**SUPPLIED INFORMATION:**
____________________
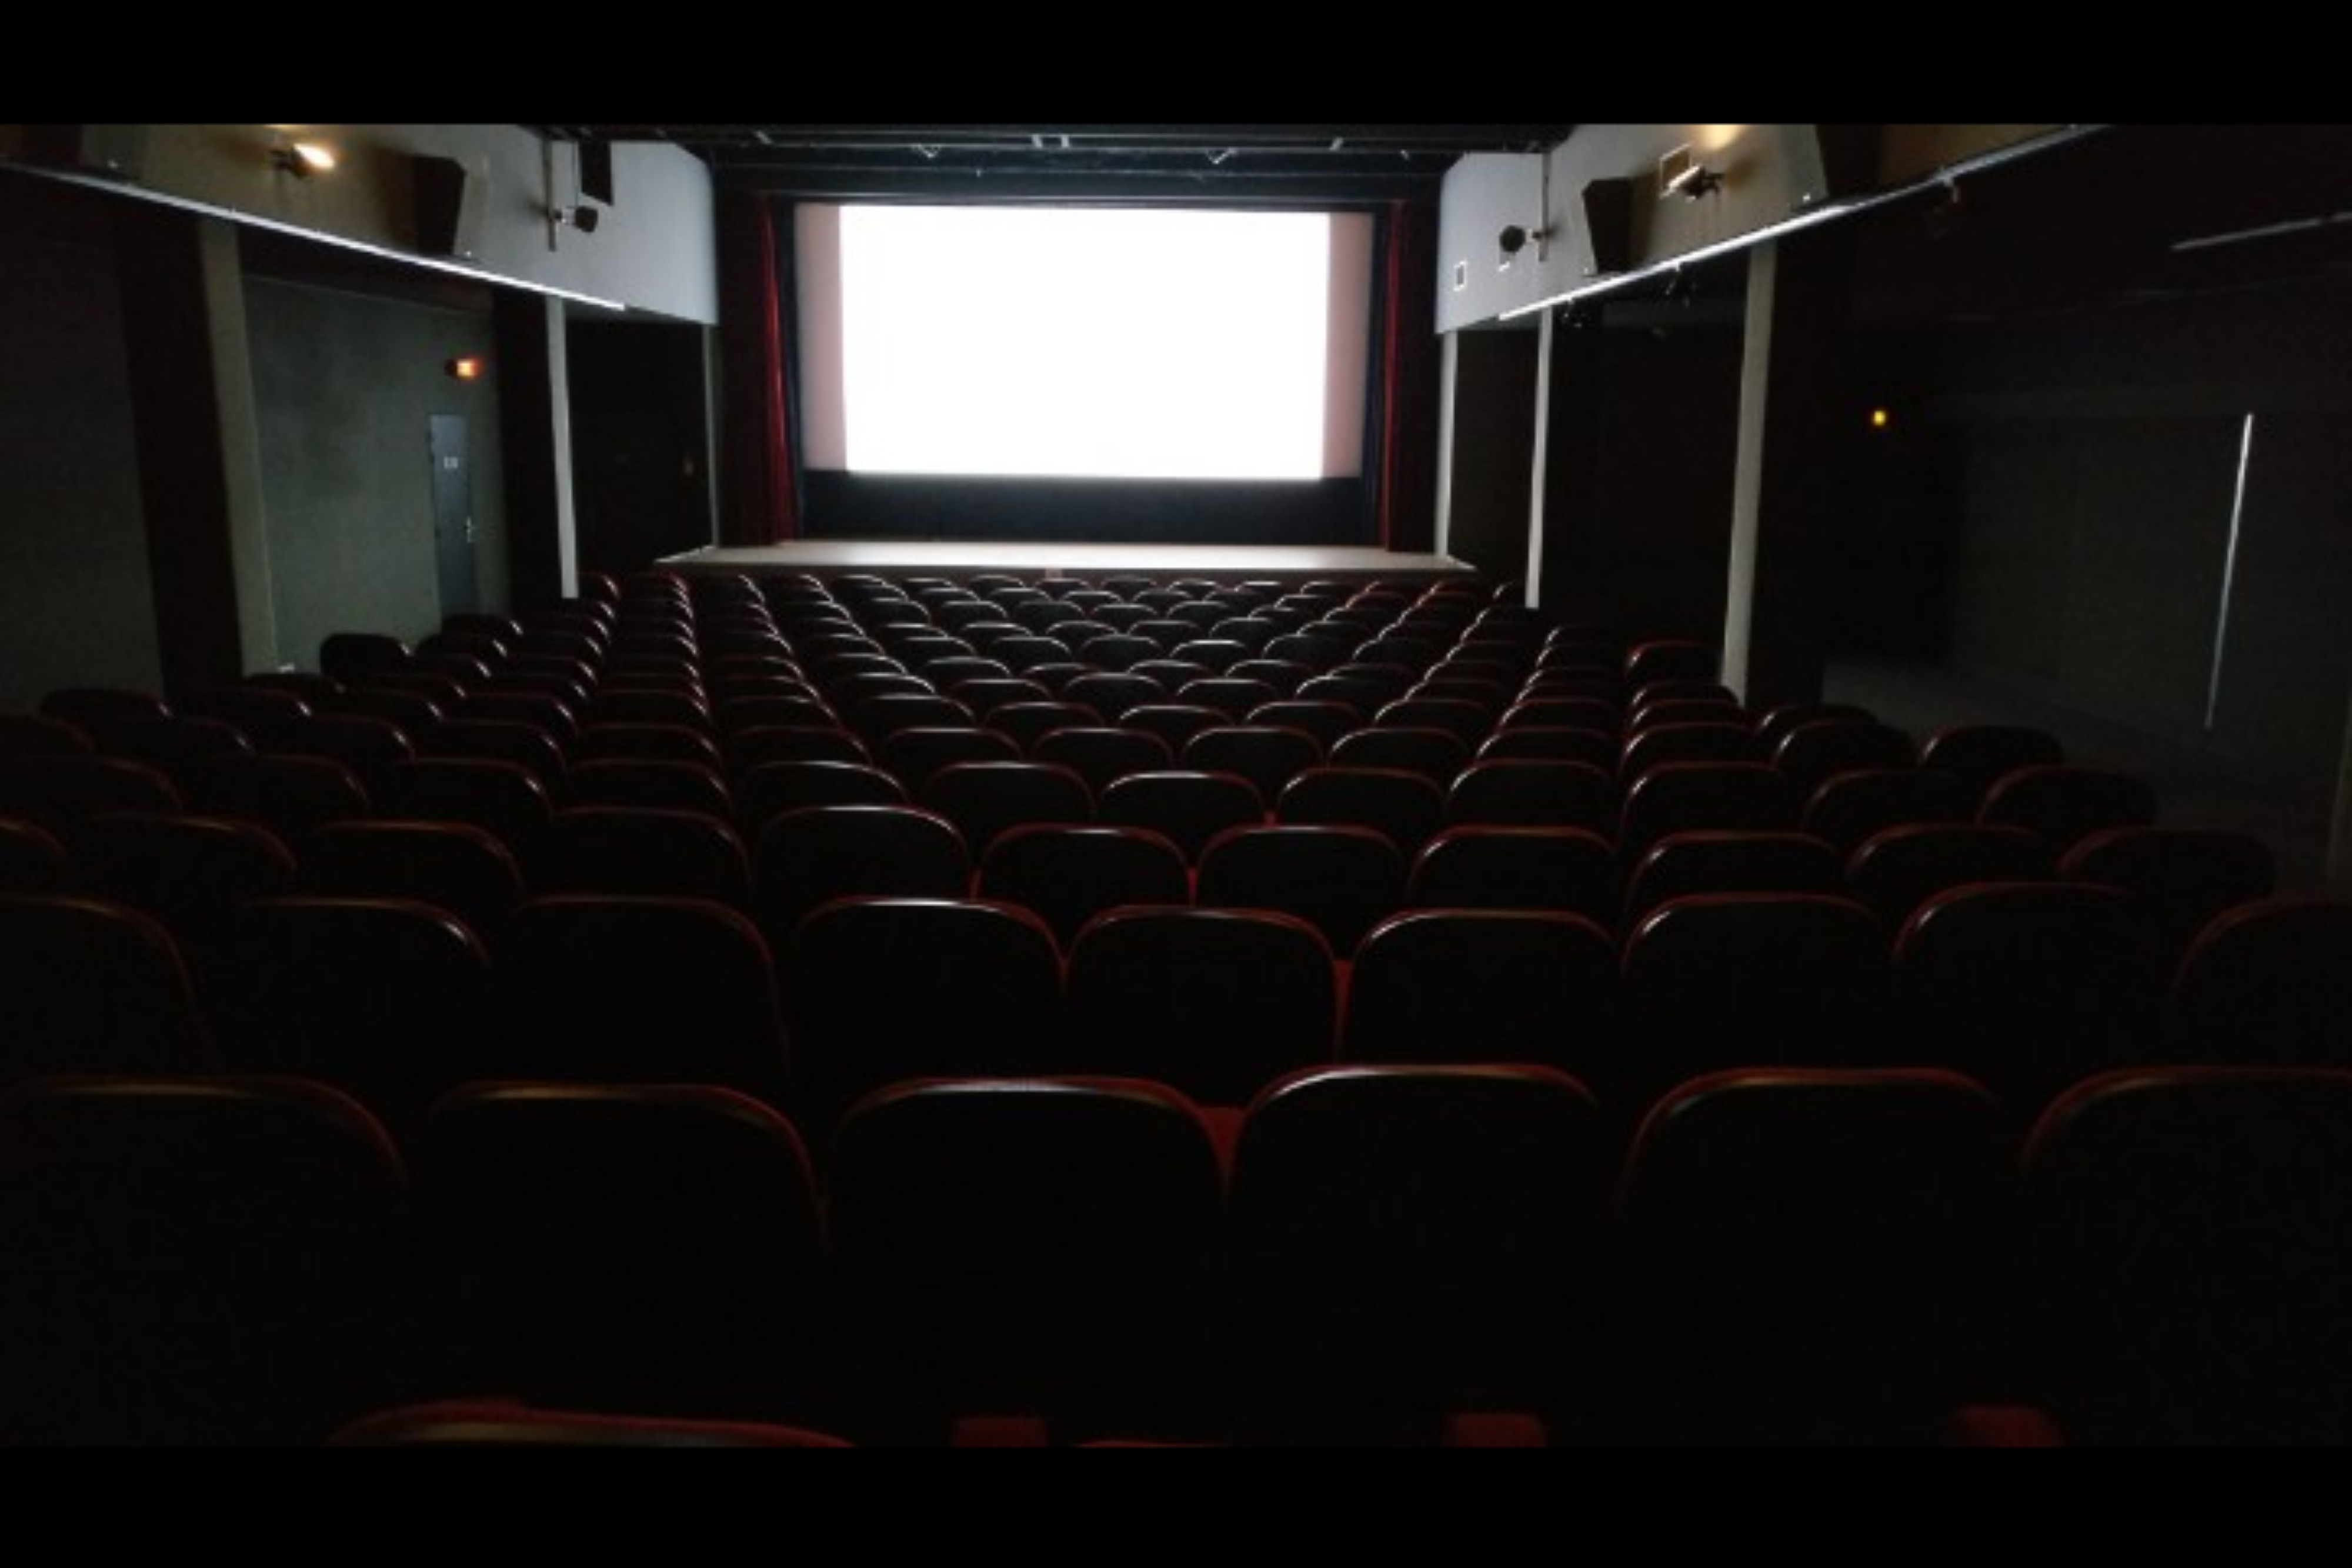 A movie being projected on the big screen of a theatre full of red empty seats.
____________________
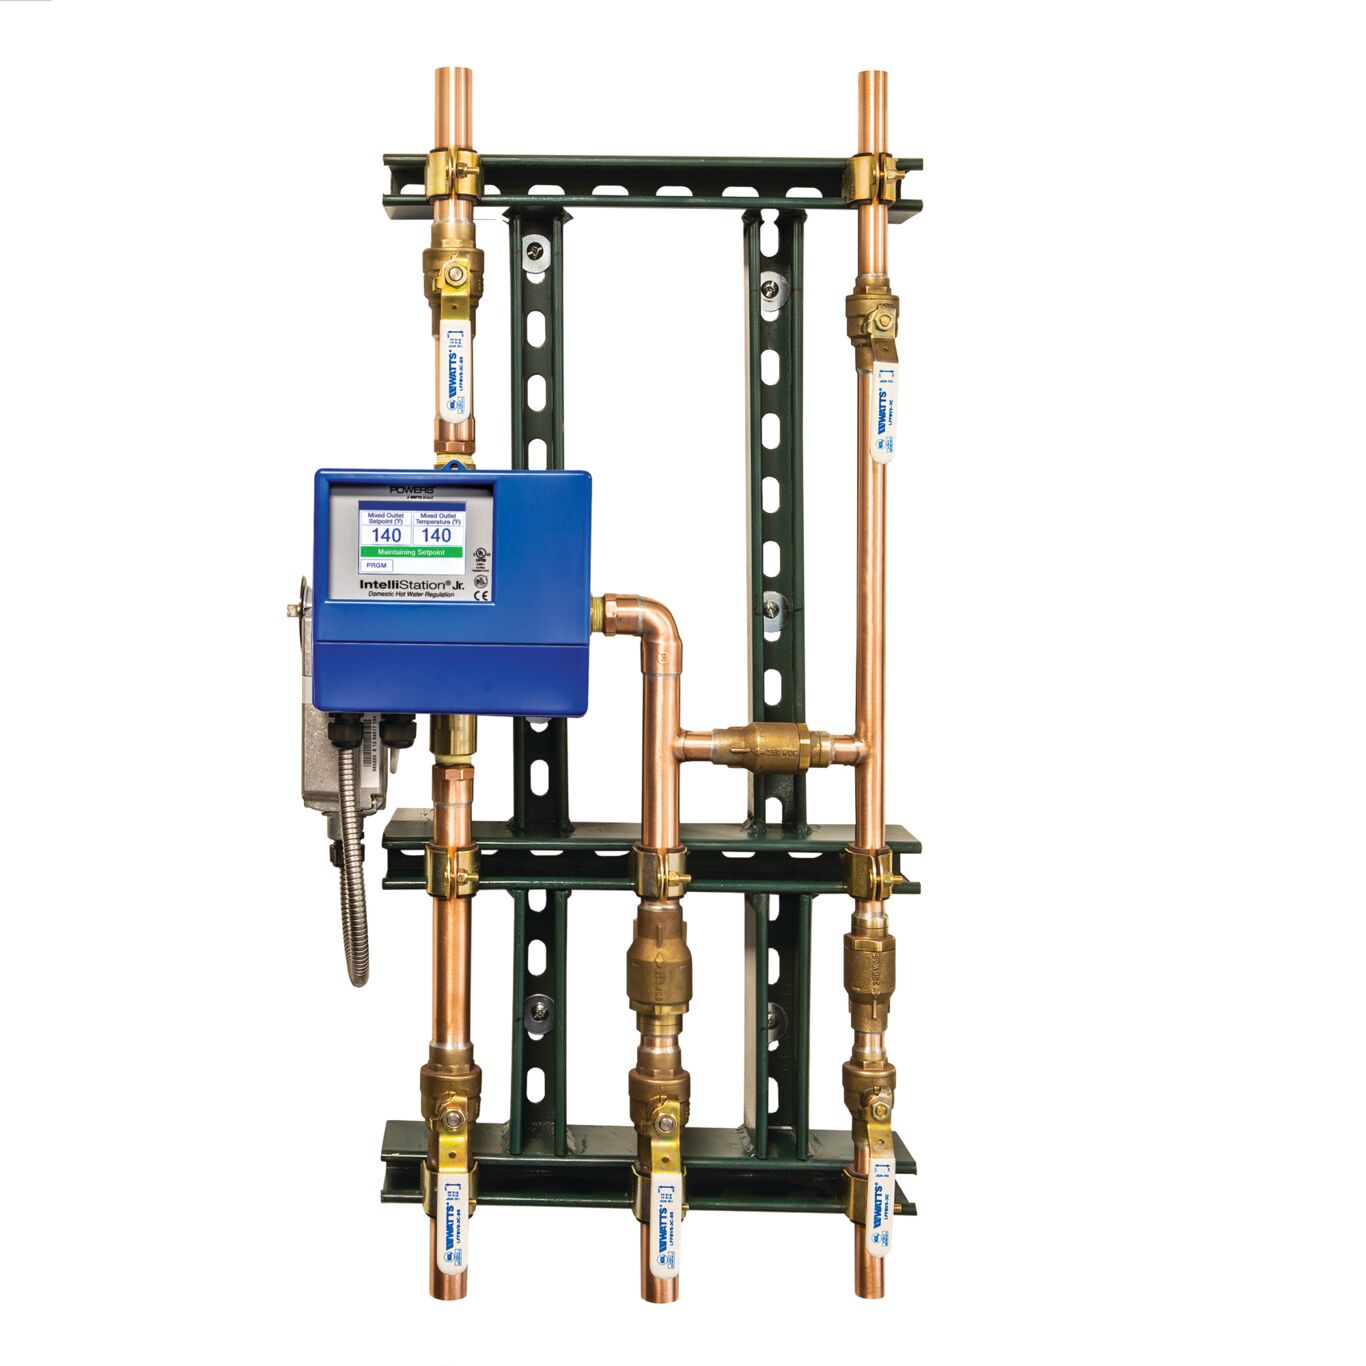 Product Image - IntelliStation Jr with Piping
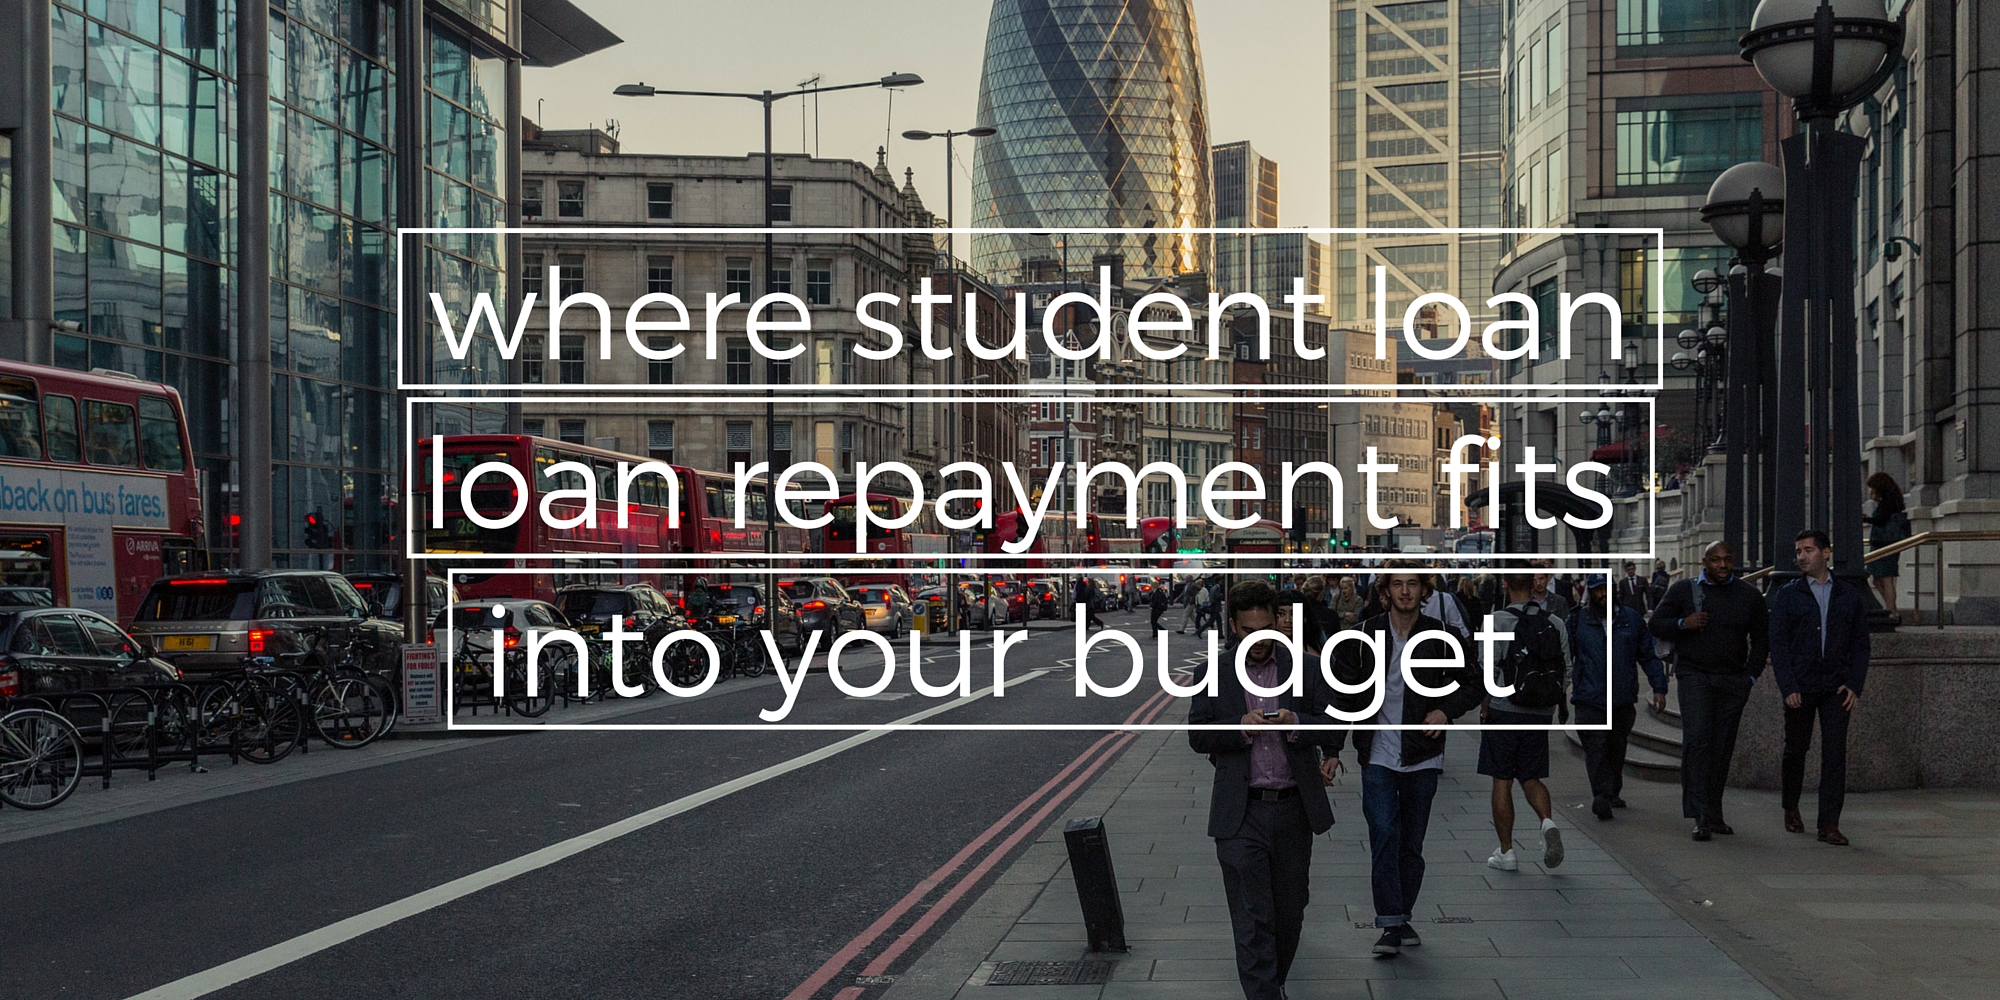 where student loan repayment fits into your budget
____________________
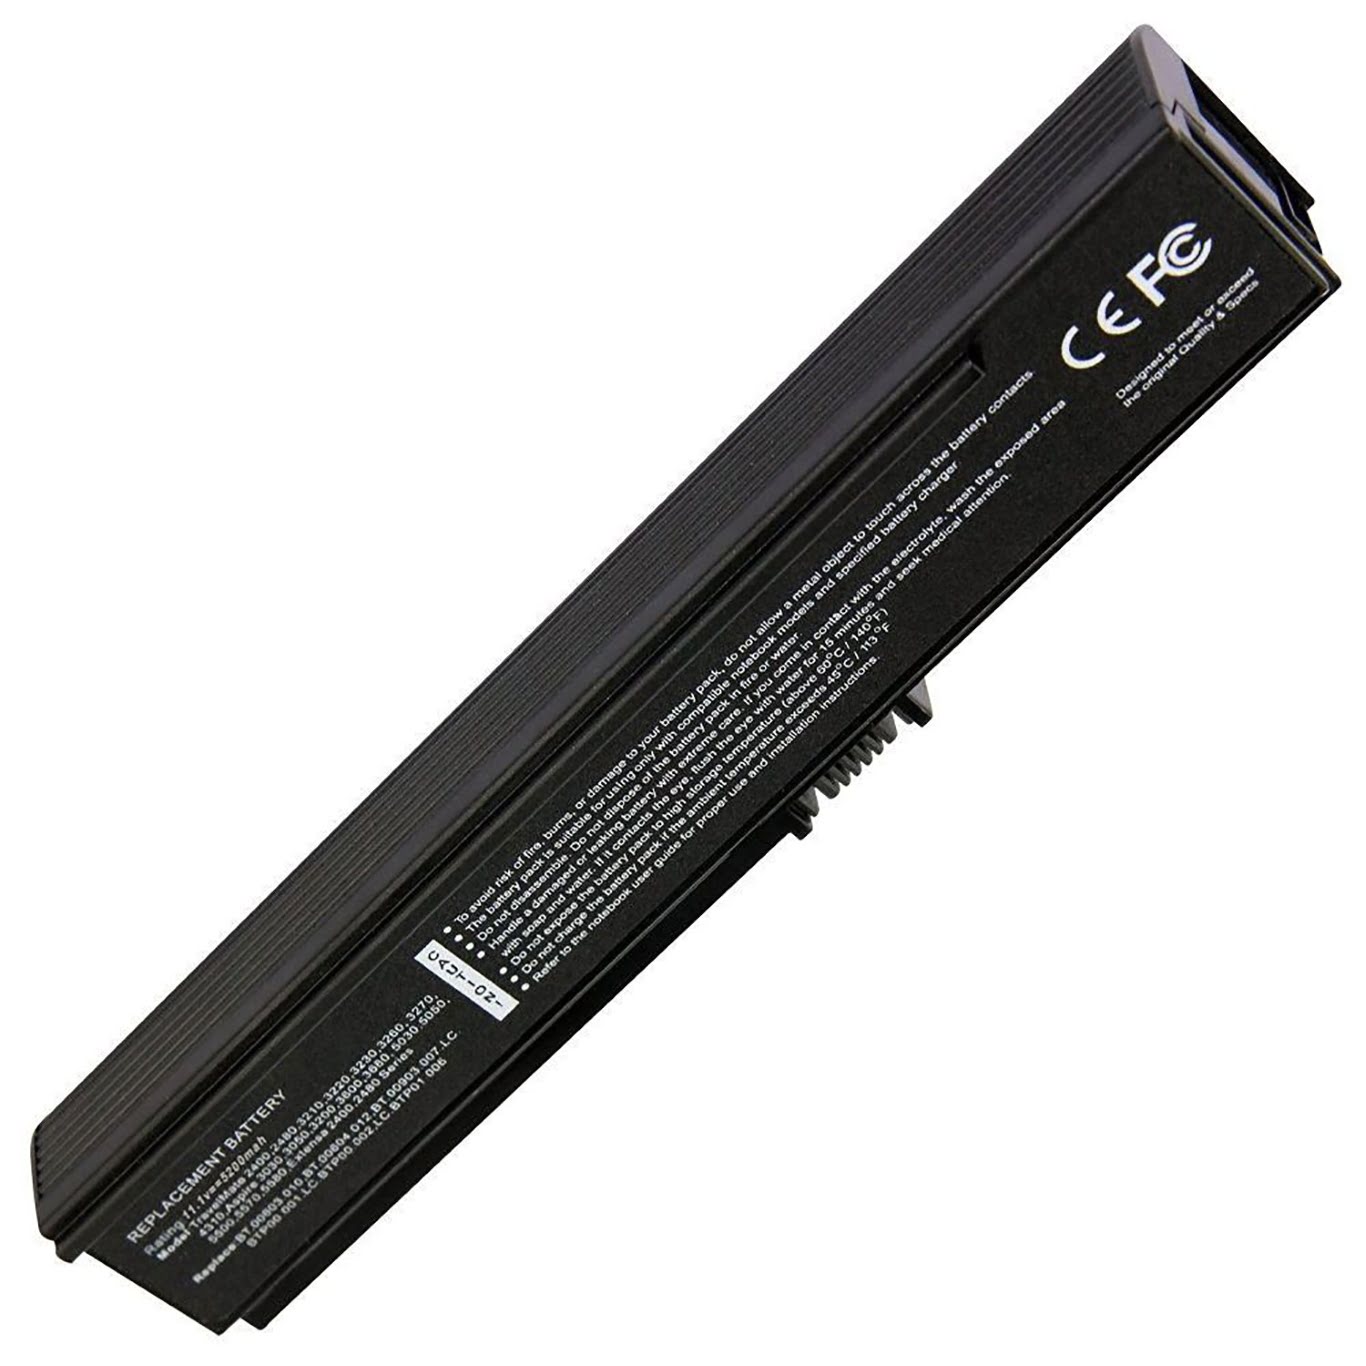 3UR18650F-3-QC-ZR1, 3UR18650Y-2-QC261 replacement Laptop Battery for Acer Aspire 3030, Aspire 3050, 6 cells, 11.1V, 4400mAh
____________________
**EXERCISE:**
The expected output is the lines above from the one containing "Product Image - IntelliStation" to the one containing "where student loan", both ends included, reproduced exactly with every picture left out.

**SOLUTION FOR THIS EXERCISE:**
 Product Image - IntelliStation Jr with Piping
 where student loan repayment fits into your budget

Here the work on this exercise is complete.